International Markets:

  • MSCI EAFE (Europe, Australasia, Far East) rose 3.97%, helped by a softening U.S. dollar and improving economic sentiment across the eurozone.
  • Emerging Markets returned +4.3%, supported by reduced capital outflows and stabilization in key Asian markets following early-year currency stress. 
  • Small Caps: The Russell 2000 rose 5.2%, regaining some ground but still down year-to-date, as investors remained cautious around domestic cyclicals and credit conditions.
  • Sector Rotation: Risk appetite re-emerged, driving outperformance in high-beta areas like Tech and Industrials, while defensives such as Staples and Utilities lagged slightly in relative terms.

This rally, although rapid, aligns with historical post-correction rebounds. Since 1970, when the S&P 500 experiences a six-week gain of 15% or more (as it just did), average forward 12-month returns have typically doubled the long-term average. Still, given the policy volatility and the fact that tariffs are only “paused,” not cancelled, investors should remain cautious about potential volatility returning.

Fixed Income

Fixed income performance was more muted.

  • Canadian bonds were flat overall (+0.1%), with corporate credit outperforming due to tighter spreads
  • U.S. Treasuries declined (-1.1%) as longer-dated yields rose on deficit concerns and bond market anxiety over Trump’s fiscal proposals
  • High Yield outperformed globally, benefiting from lower duration and risk-on sentiment

Credit markets suggest growing confidence, but longer-end sovereign bonds remain sensitive to fiscal and inflation uncertainty.


Commodities & Currency

  • Oil prices rebounded 3.2%, though remain sharply lower year to date
  • Gold held firm (-0.7%) after strong April gains, as inflation and geopolitical concerns kept demand elevated
  • Canadian dollar strengthened modestly (-0.4% vs. USD) as markets digested Bank of Canada and Federal Reserve policy divergence.

Economic Overview

United States:

The U.S. economy continues to navigate uncertainty stemming from protectionist trade policies. Although tariffs were scaled back following May’s diplomatic truce, they remain elevated (approximately 14%) and are likely to exert upward pressure on inflation and slow growth heading into the second half of 2025. Q1 GDP contracted for the first time in three years, with imports soaring 50.9% annualized, pulling trade’s contribution to GDP into record negative territory. Service exports, particularly tourism, declined 34.5%, while government spending saw its first drop in nearly three years due to budget cuts.
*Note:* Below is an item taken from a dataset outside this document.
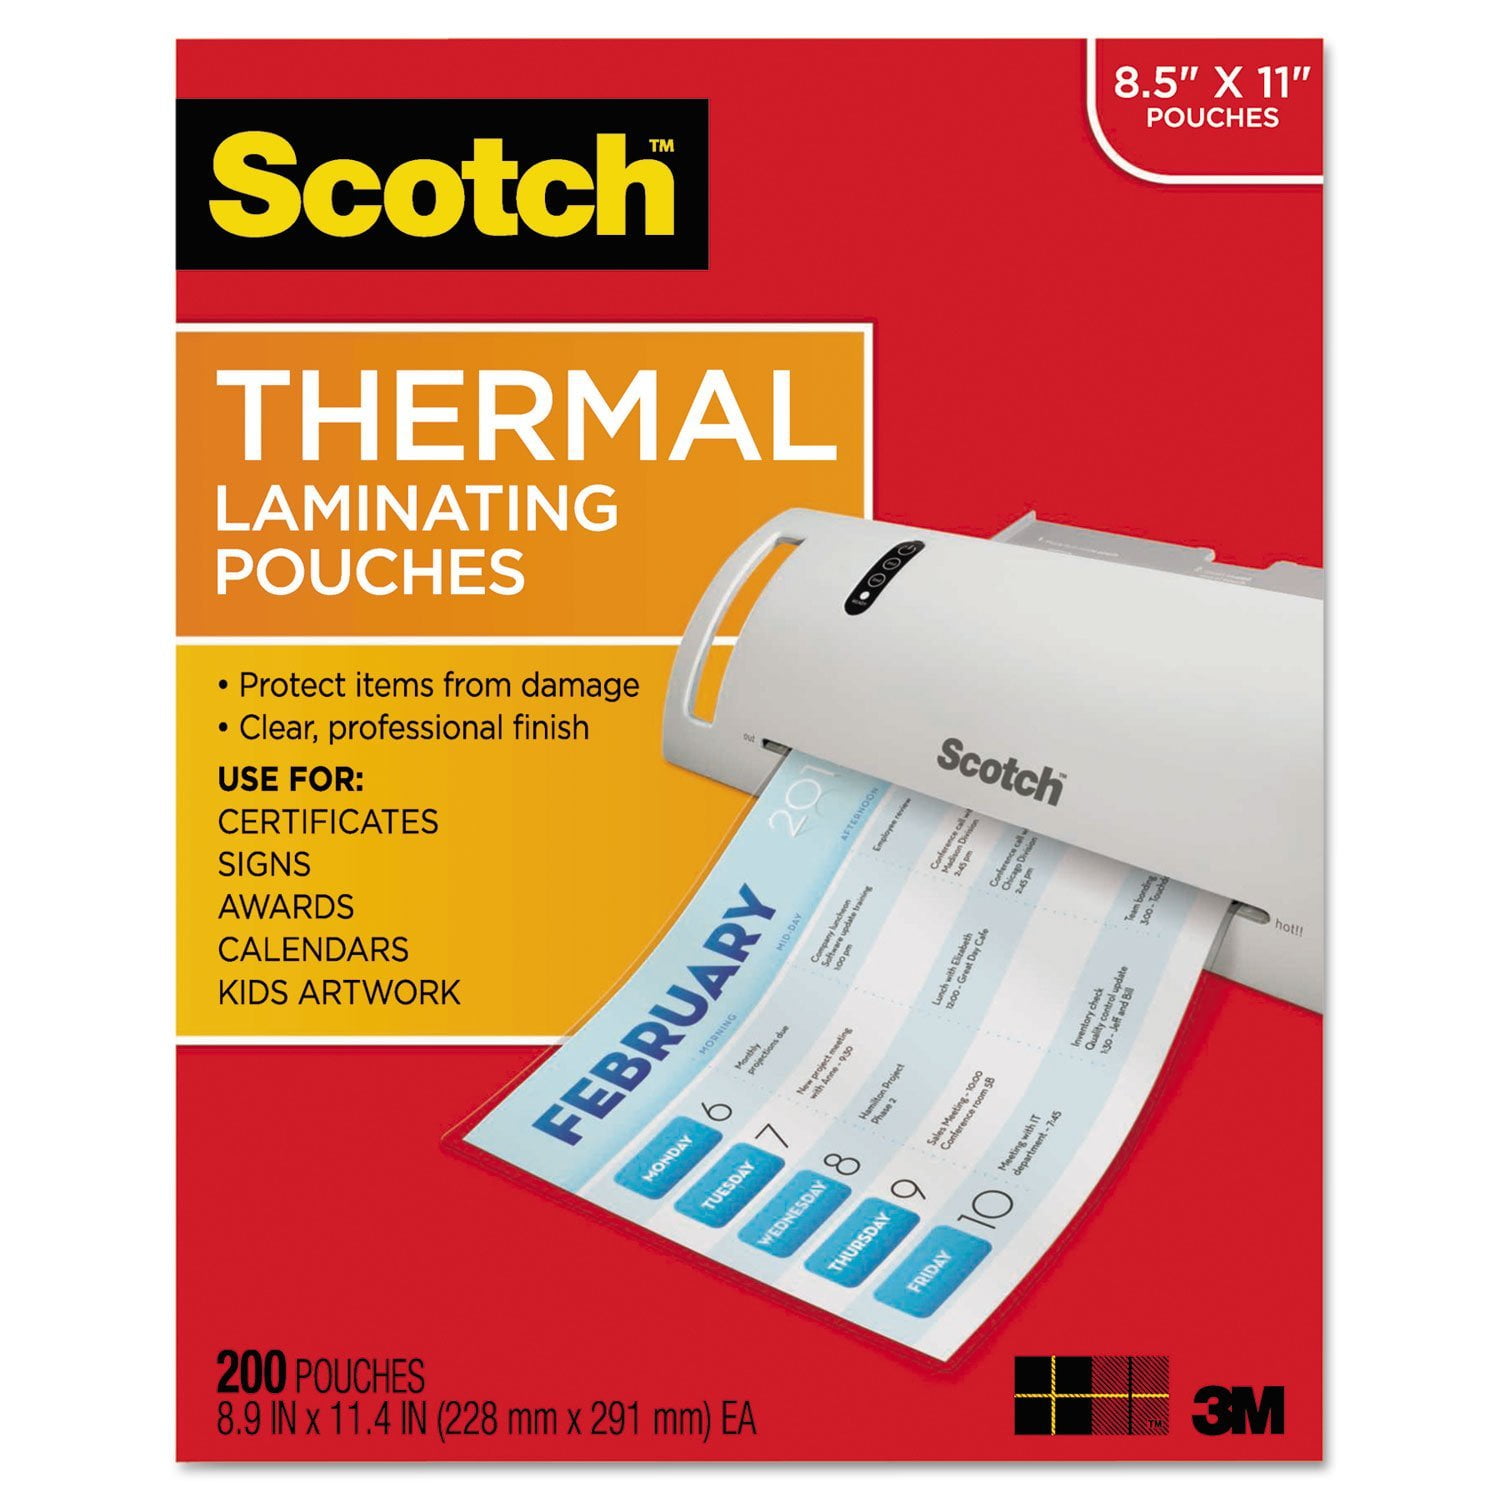 PK 100 A5 Laminating Pouches Film 150 Micron Gloss -Buy 2 packs get $5 off

Despite this, private demand remained robust, with households frontloading consumption ahead of tariff hikes.

The labour market remained relatively stable in May, with +177K payroll gains, though distortions from severance pay may have inflated the figures. Structural weakness is emerging among younger workers and the long-term unemployed. The Fed is expected to remain cautious, postponing any rate cuts until late 2025, as core PCE inflation rose at its fastest pace in over a year.

Canada:

The Canadian economy is also showing signs of strain under tariff uncertainty. While effective U.S. tariffs have dropped to around 6% thanks to USMCA compliance, the threat of escalation remains. Investment intentions and hiring plans have collapsed, with private-sector job losses of 75,000 in the past two months, most notably in Ontario. Real estate weakness is spreading, as listings rise and home sales fall to levels last seen during past recessions.

Despite a 150 basis point rate cut since September, Canadian 5-year yields remain stubborn due to global rate pressure. The Bank of Canada is expected to resume cuts in June, aiming for a 2.0% policy rate by year-end to offset housing fragility and inflation risks.

Final Thoughts

May offered some relief for investors after a turbulent start to 2025. While economic resilience and a constructive earnings season supported markets, the underlying fragility tied to trade policy, fiscal risk, and monetary caution should not be underestimated. We continue to emphasise balance: stay diversified, be patient, and ensure your portfolio reflects both risk and opportunity.